I dont have any other pics of the tank to show yet, other than silicone on the back.


----------



## EDs Fly Meat (Apr 29, 2004)

I have considered using that same material, but was not sure what to coat the foam with. I long time ago I made a volcano that housed an ultra sonic humidifier for some tree frogs. I painted it, and never coated it with an epoxy or resin or silicone. The problem was that the crickets nibbled at it and I had a brown volcano with pink dots on it from the crickets!

Oh revenge is a dish best served cold.

Little orthopteran bastards!

Dave


----------



## kyle1745 (Feb 15, 2004)

I really want to figure out the epoxy\paint. The foam is easy to work with and cheap. I have a good chunk left and would like to try the epoxy. Could anyone explain the epoxy needed, and paint. Along with the process.


----------



## Auhsoj27 (Jun 3, 2005)

epoxy is epoxy, from what i've researched. its all 100% waterproof. as for paint, stay away from spray paint. most sprays will dissolve foam. Epoxy basically puts a thick coat or shell around whatever you're using it on. You could epoxy a loaf of bread if you wanted to and it would preserve it for years and years.

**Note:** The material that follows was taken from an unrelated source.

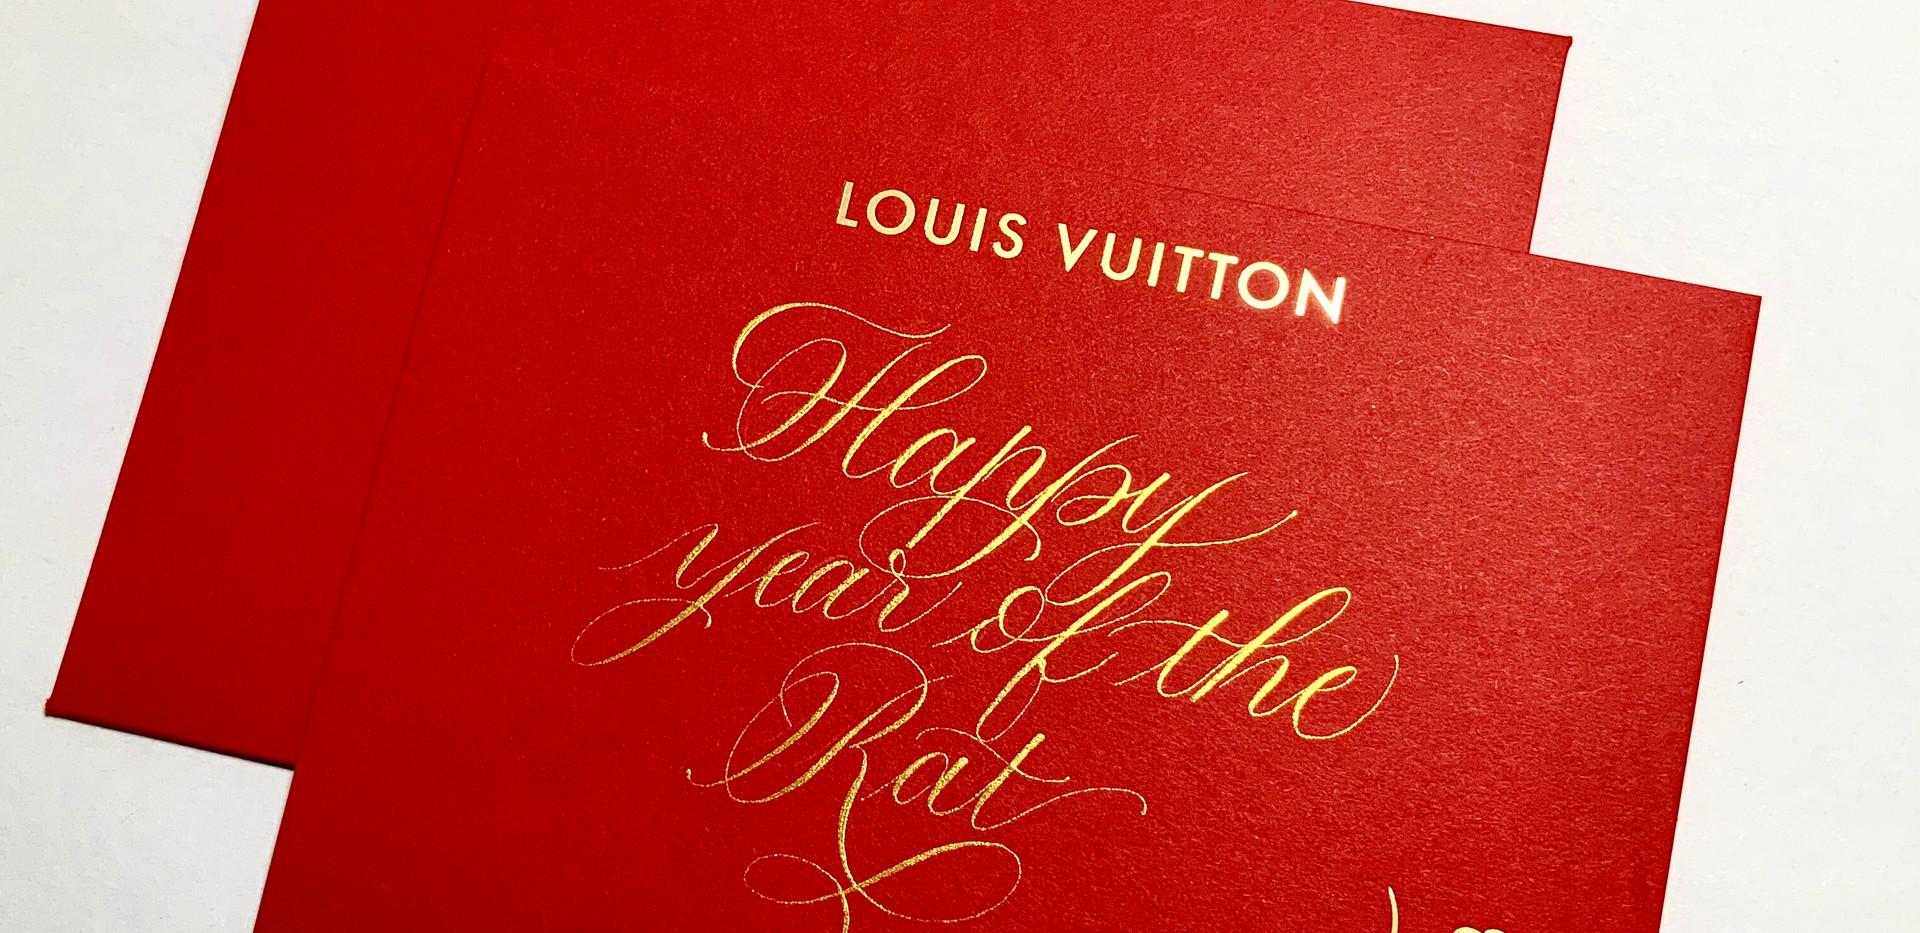 Louis Vuitton - Lunar New Year Event

The biggest drawback to this method of making a backdrop compared to the greatstuff/coco fiber method, in my view, is that it takes a little more artistic effort. You have to sit there and carve out what you want, then paint it to look how you want. With greatstuff, you would squirt it on in the thickness you want in whatever area, but the final shape would be dictated by the GS, not you.


----------



## JoshKaptur (Feb 17, 2004)

Auhsoj27, if you are successful in re-creating the rock from your inspiration photo, that will be a beautiful background indeed!


----------



## Guest (Jun 9, 2005)

i used the same foam, and a 2 part epoxy (wets systems), to build a water fall in my paludarium. if you put a coat of epoxy on before painting you can use regular spray paint. this is what i did. 

i also coated a portion of the last layer of epoxy with small stones. above the water line i have complete coverage with small stones. this gave a nice contrasting color, and broke the water up a bit. the best part was it created a perfet growing spot for java moss.

heres a pic after the tank has been set up almost 2 years. you can see to the right of the java, what the small stones look like. 
http://img.photobucket.com/albums/v618/ ... 075_PB.jpg



here is a shot of it under the water line. you can see here how the foam looks with no stones glued to the outside. it looks just like real rock to me. i get people alway asking me how i found a perfect shaped piece, or how i carved real stone to look like that. i have to show them old pictures for them to believe i carved it myself. i dont even think i did as good of a job carving, as what is shown above.
http://img.photobucket.com/albums/v618/ ... 046_PB.jpg

heres a full tank shot, so you can see how it fits in to my paly. 
http://img.photobucket.com/albums/v618/ ... 064_PB.jpg

all the land is supported by a styrofoam shelf also, but that was a different type of styro, and no panit just epoxy.


----------



## Auhsoj27 (Jun 3, 2005)

Its starting to look a little more like a back drop and less like foam insulation now.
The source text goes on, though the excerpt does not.